All India generation during FY 2018-19 was 1,376 BU, out of which only 126.76 BU (i.e., approx. 9.21% of total generation) was from renewable sources. Now, even if an additional 100 GW of new renewable capacity is added to the system over the next 5 years, the generation from renewables is expected to increase to approx. 300 BU against the expected all India generation of approx. 1,650 BU. This means that, even after 5 years from now, the generation from renewables shall only be ~18% of total generation. However, if the addition from renewables is only 50GW then the corresponding share of Renewables shall be 200 BUs (~12% share). Even NitiAayogs report on Energising India estimates that coal will continue to be the major contributor, contributing at as much as 50% of the total mix by 2047. Accordingly, it can be reasonably concluded that in India, coal fired power plants will continue to serve as the primary source providing electricity to more than a billion people in the Country.


The Power Sector directly or indirectly impacts almost all the sectors contributing to the growth of the nation. Setting up of a power project requires huge capital investments and take years of concentrated efforts for successful completion and commissiong. Hence, any slowdown in the power sector has a domino effect on overall economic growth. Critical issues impacting the performance of the sector are mentioned below:


Fuel forms approximately 55% - 60% of the total electricity cost. Hence, availability of coal of appropriate quality at a reasonable price is one of the key components for long term success of this sector. Supply of domestic coal has improved over the past couple of years. Coal India accounts for 80% of total domestic coal production in the country. The government is targeting coal production of 1.5 billion tonnes by 2030. Better coal availability will result in improved PAF of power plants. However, issues related to quality of coal still need to be addressed effectively. Allowing commercial mining of coal in the country would further improve coal availability for the thermal power plants . Further, regulatory issues pertaining to pass-through of coal prices has to be addressed in a expeditious manner to enhance cost recovery of power producers.

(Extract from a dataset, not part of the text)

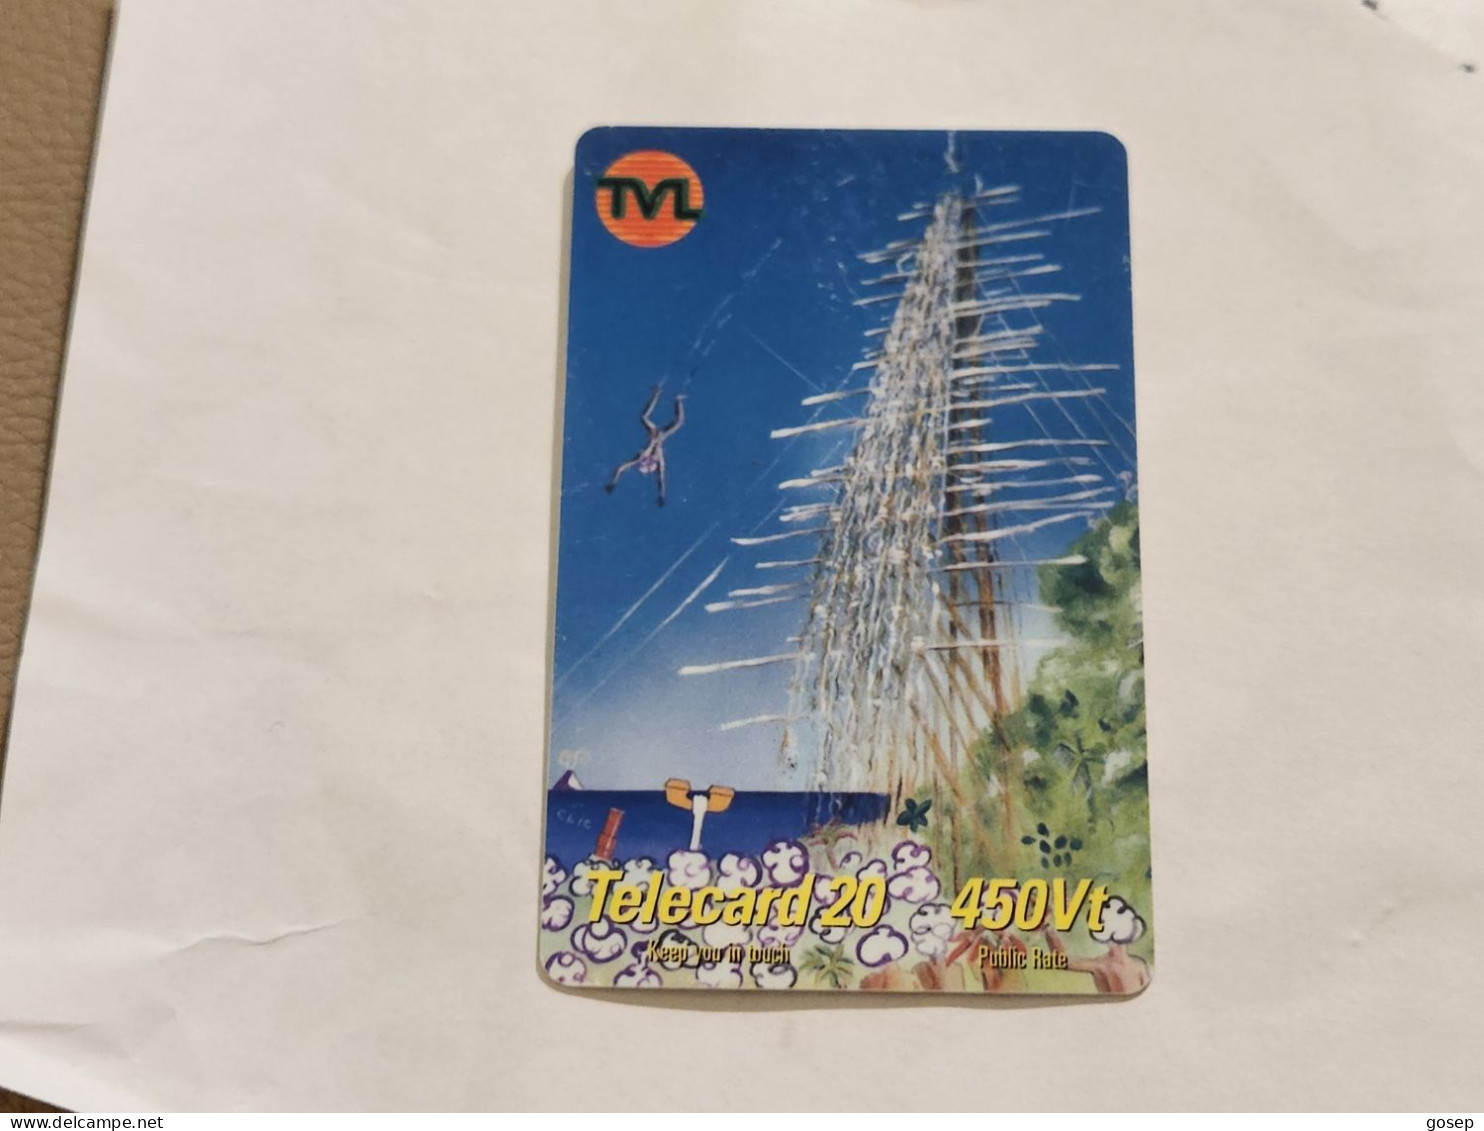 VANUATU-(VU-TVL-REM-0010-061231)-Gaul Jump(Yellow Value)-(1)-(225vt )-(6657-617-606)-used Card+1card Prepiad Free - Vanuatu
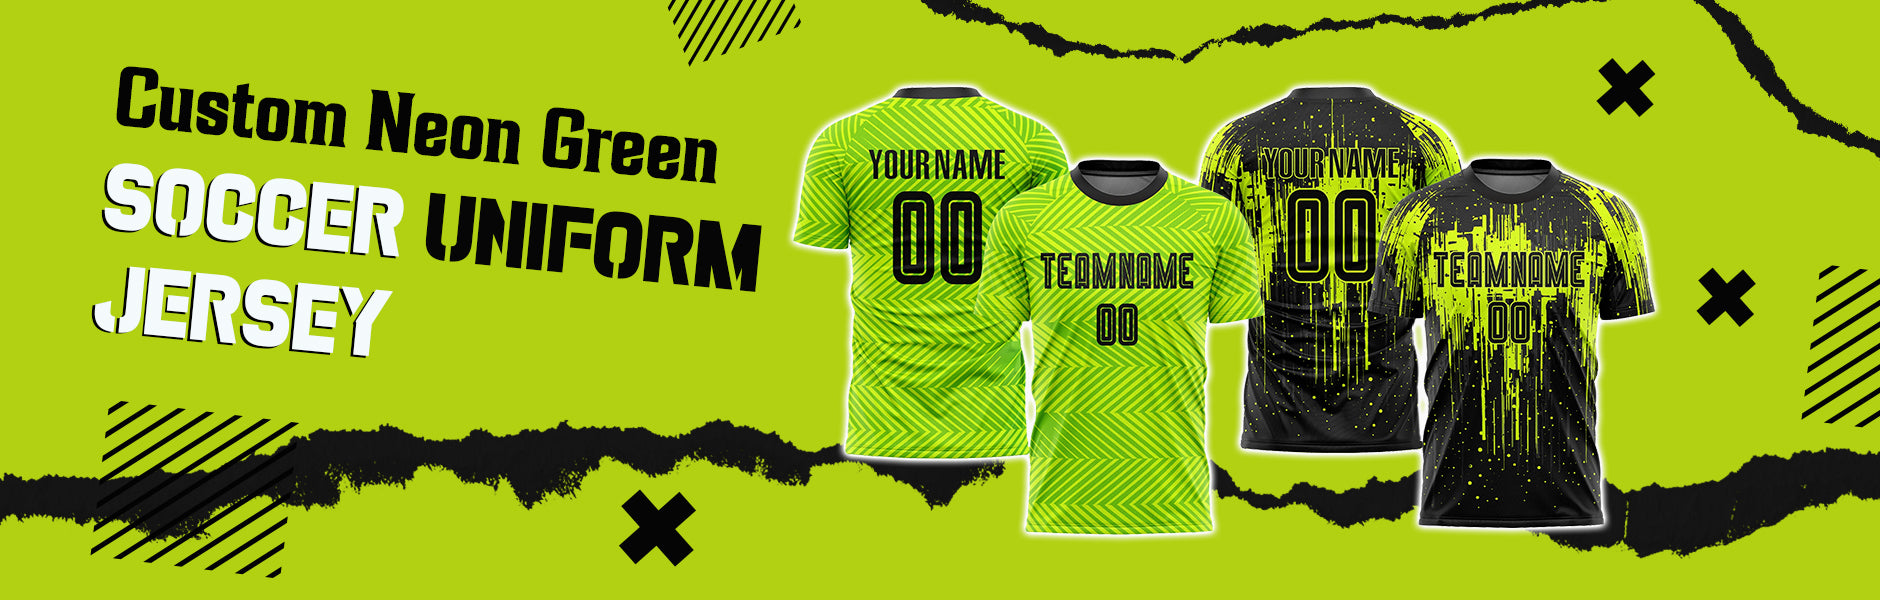 custom soccer neon green jersey

Inadequate transmission network

Large parts of India continue to remain power deficit despite huge capacity additions over the last several years. One of the major reasons for this situation is inadequate transmission capacity that limits flow of electricity to power deficit areas. Power evacuation remains a bottleneck in the power supply chain of the country resulting in frequent back downs of plants as requested by State/Regional Load Dispatch Center leading to under utilization of the generation capacity.

With the industry moving towards enhanced competition, and in an era of open access, demand for power is expected to increase, putting additional stress on the already stretched transmission network across the country. If Indias transmission capacity is not augmented in a timely manner, this problem is expected to further aggravate.

According to the CEA, during the year 2018-19, 22,437 circuit-km of transmission lines were added against planned 22,647 circuit-km lines, while enhancing the transformation capacity by an additional 72,705 MVA, against a plan of 62,600 MVA to the nations transmission grid. With the commissioning of these new transmission lines, congestion in transmission of electricity within inter-state and intra-state grids will reduce.

Financial health of state Discoms

Poor financial health of discoms is one of the major risks faced by power producers. To bail out debt-laden distribution utilities, the Power Ministry implemented the Ujwal DISCOM Assurance Yojana (UDAY). A total of 27 states and 5 UTs have adopted UDAY scheme till date. UDAY states have reduced book losses to र 15,049 crore in FY 2017-2018 from र 51,480 Cr in FY 2015-2016. This is likely to improve the financial health of discoms that would further help in reducing the stress of generation projects. The primary reason for poor financial health is huge AT&C losses, operational inefficiencies and populist schemes.

Distribution Reforms

The Distribution Sector plays a crucial role in the overall functioning of the Power Sector as it provides final connectivity of power to consumers and generates the cash flow for the entire value chain. The Government is putting significant effort to improve the financial health of utilities so as to enable them to provide reliable and quality power supply and universal access to power. Government has done a remarkable job in reducing the time taken by any person to obtain a new electricity connection, improving the connectivity of villages with the state grids under the scheme for electrification of all villages, etc. We hope that the steps taken by government will help in ameliorating the current situation. In this regard, impending segregation of content from carriage will be a game changer for the Indian power distribution sector.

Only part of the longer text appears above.